开源协议:Apache License 2.0

下载


KNOWLEDGECUBES_LOGO

About

A Knowledge Cube, or KC for short, is a semantically-guided data management architecture, where data semantics influences the data management architecture rather than a predefined scheme. KC relies on semantics to define how the data is fetched, organized, stored, optimized, and queried. Knowledge cubes use RDF to store data. This allows knowledge cubes to store Linked Data from the Web of Data. Knowledge cubes envisions breaking down the centralized architecture into multiple specialized cubes, each having its own index and data store.

Quick Start Guide

Create Encode Data

  1. java -cp uber-knowledgecubes-0.1.0.jar:scala-library-2.11.0.jar edu.purdue.knowledgecubes.DictionaryEncoderCLI -i src/main/resources/datasets/original/sample.nt -o /home/amadkour/kclocal/encoded.nt -l /home/amadkour/kclocal -s space

The kclocal will contain the created dictionaries, the initial data structure used by the store

Create Store

  1. spark-submit --master local[*] --class edu.purdue.knowledgecubes.StoreCLI target/uber-knowledgecubes-0.1.0.jar -i /home/amadkour/kclocal/encoded.nt -l /home/amadkour/kclocal -f 0.01 -t roaring -d /home/amadkour/kcdb

The database kcdb directory contains the actual data and reductions for the input NT file. The following is the directory structure of the local store:

Run Query Workload

  1. spark-submit --master local[*] --class edu.purdue.knowledgecubes.BenchmarkReductionsCLI target/uber-knowledgecubes-0.1.0.jar -l /home/amadkour/kclocal -f 0.01 -t roaring -d /home/amadkour/kcdb -q src/main/resources/queries/original

The command generates the workload reductions under the kcdb/reductions/join directory. The partitions are saved using parquet format.

Local Store Overview

  1. $ ls
  2. amadkour@amadkour:~/kclocal$ ls
  3. GEFI dbinfo.yaml dictionary encoded.nt join-reductions.yaml
  4. results-20200625115017.txt tables.yaml
  • GEFI: directory represents the generalized filters created for the input datasets.
  • dbinfo.yaml: file lists meta-data about the store datasets.
  • dictionary: directory containts the string to id mappings created by the dictionary module.
  • join-reductions.yaml: directory contains metadata about the generated reductions.
  • results-20200625115017.txt: is the output file containing the query performance output when running the benchmarking modules.
  • tables.yaml: file lists the meta-data about the tables.

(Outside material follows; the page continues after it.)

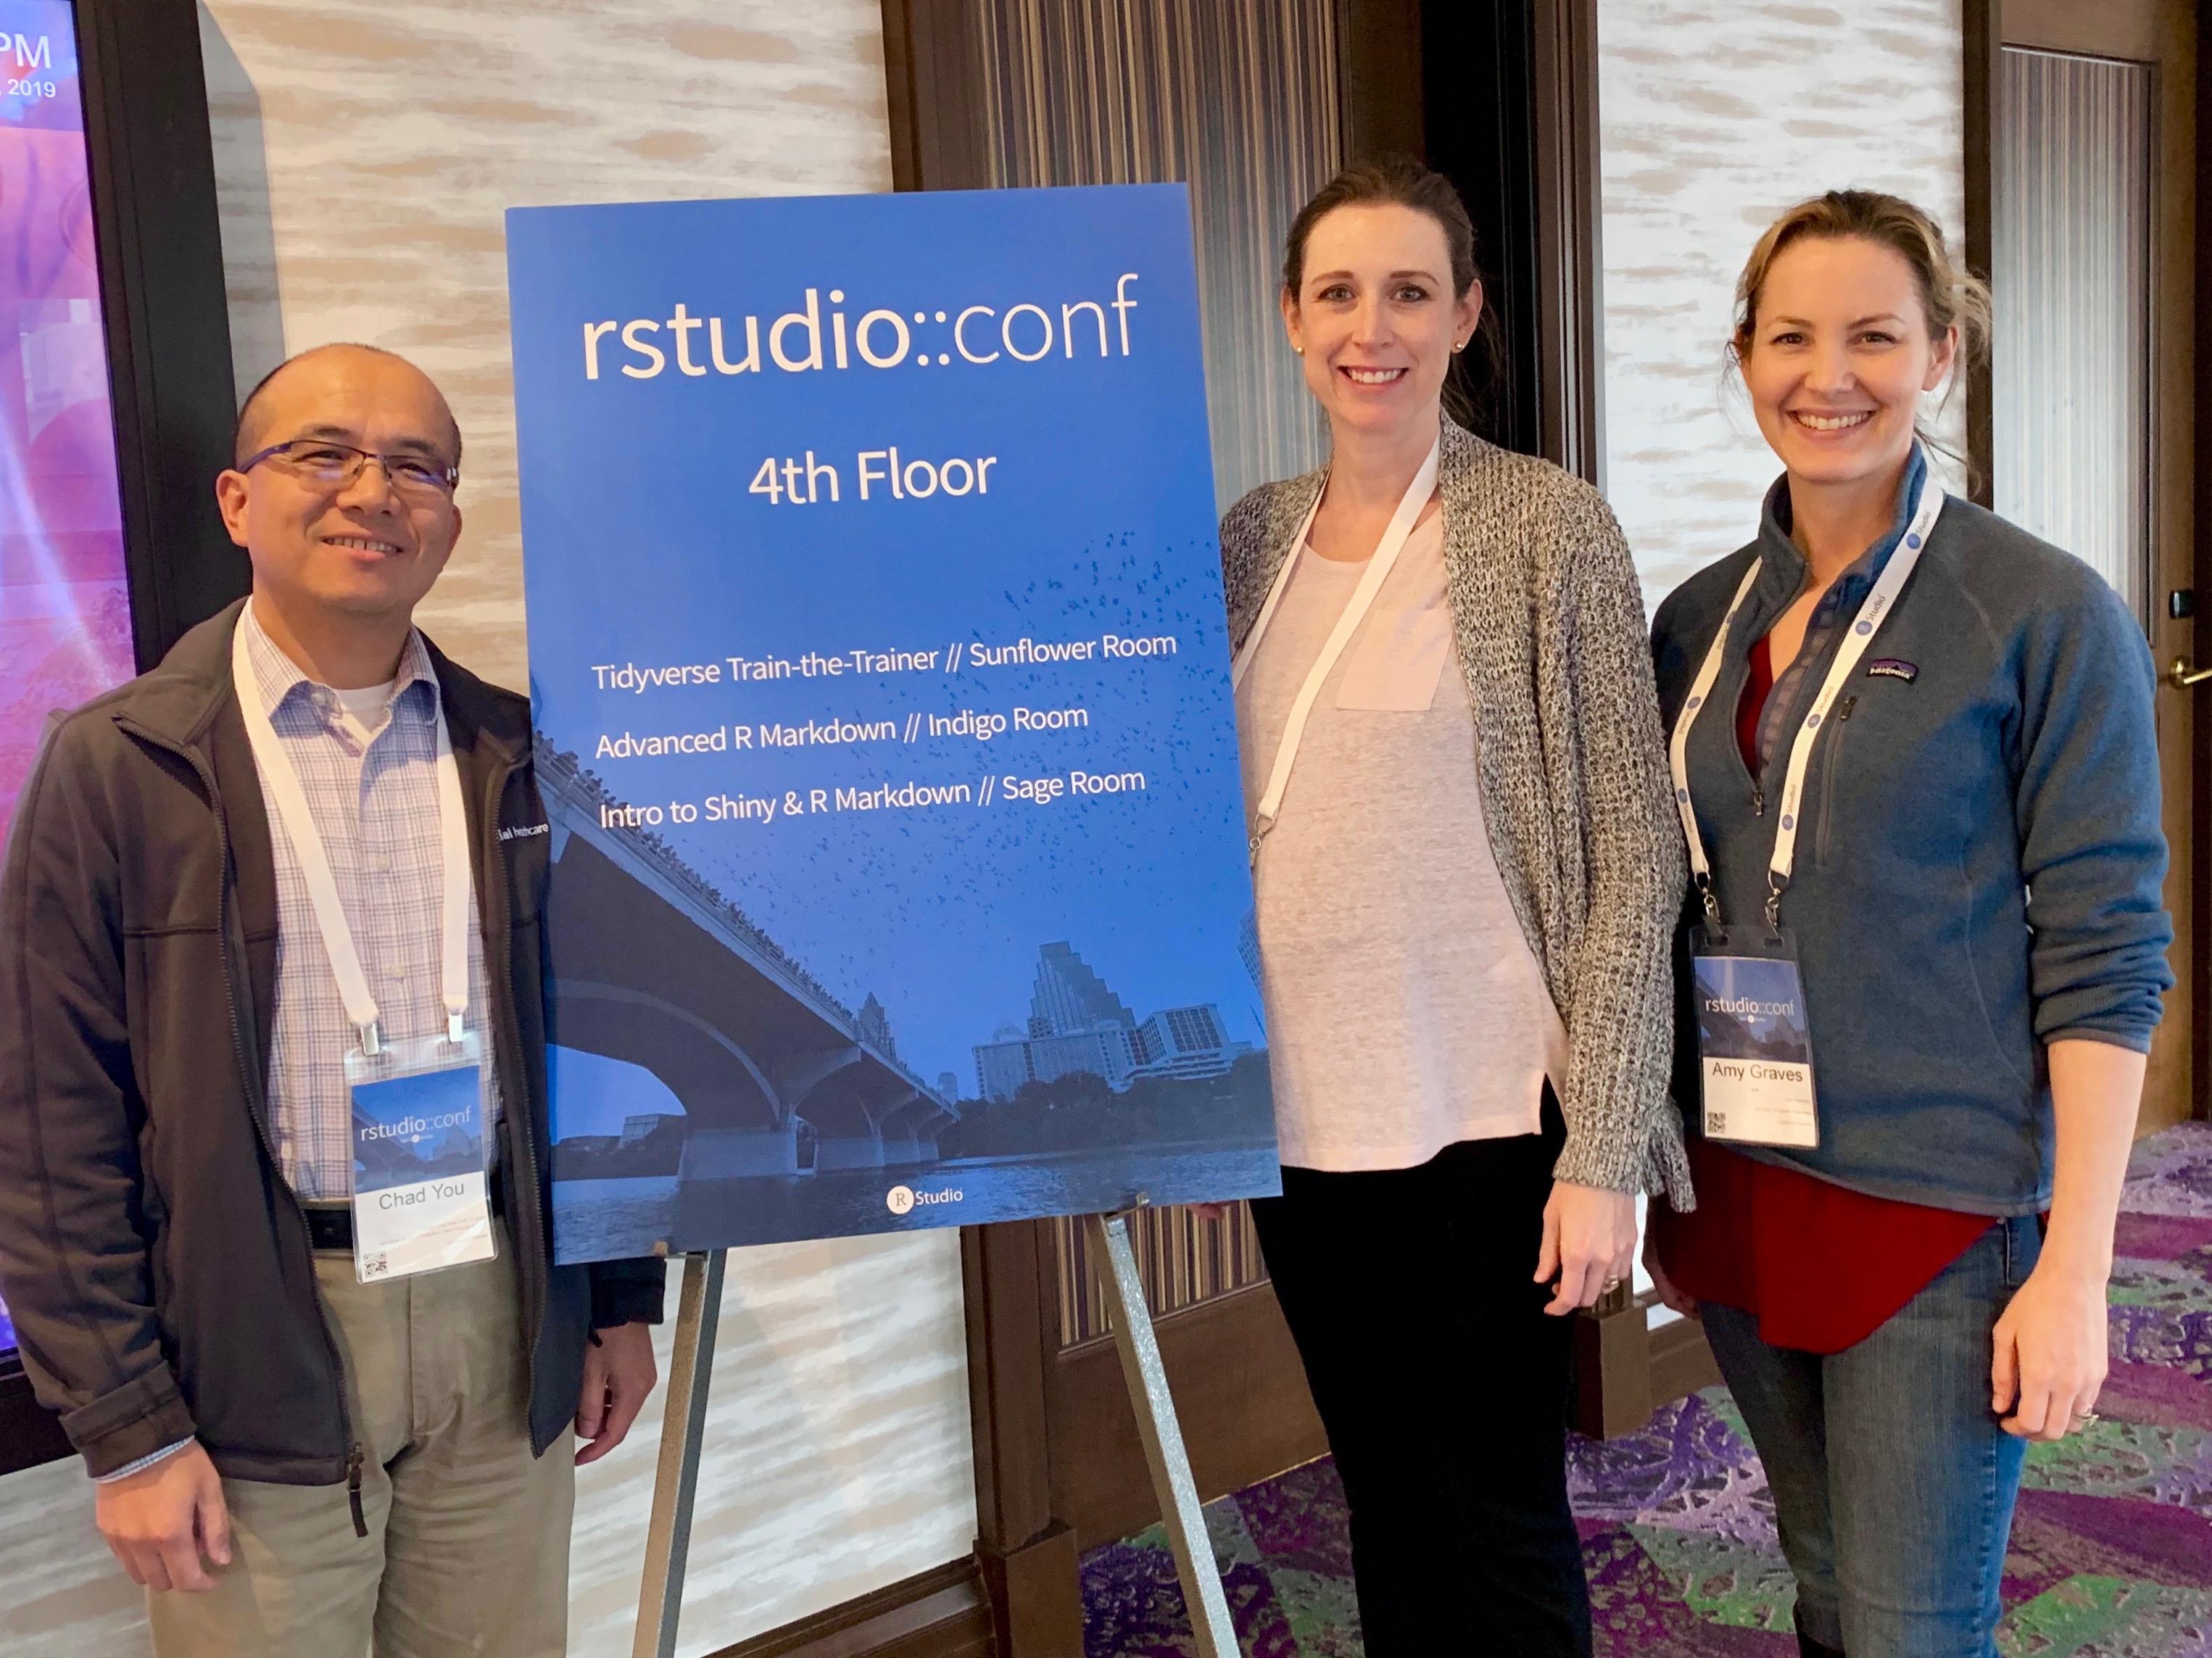 Rstudio Conference 2019

Database Directory Overview

  1. amadkour@amadkour:~/kcdb$ ls
  2. data reductions

The database contains parquet formatted files that represents the original data and reductions:

  • data: contains the original data created based on the input NT files.
  • reductions: contains the workload-driven reductions created after running a query workload (e.g. after running the Benchmark CLI tool mentioned below).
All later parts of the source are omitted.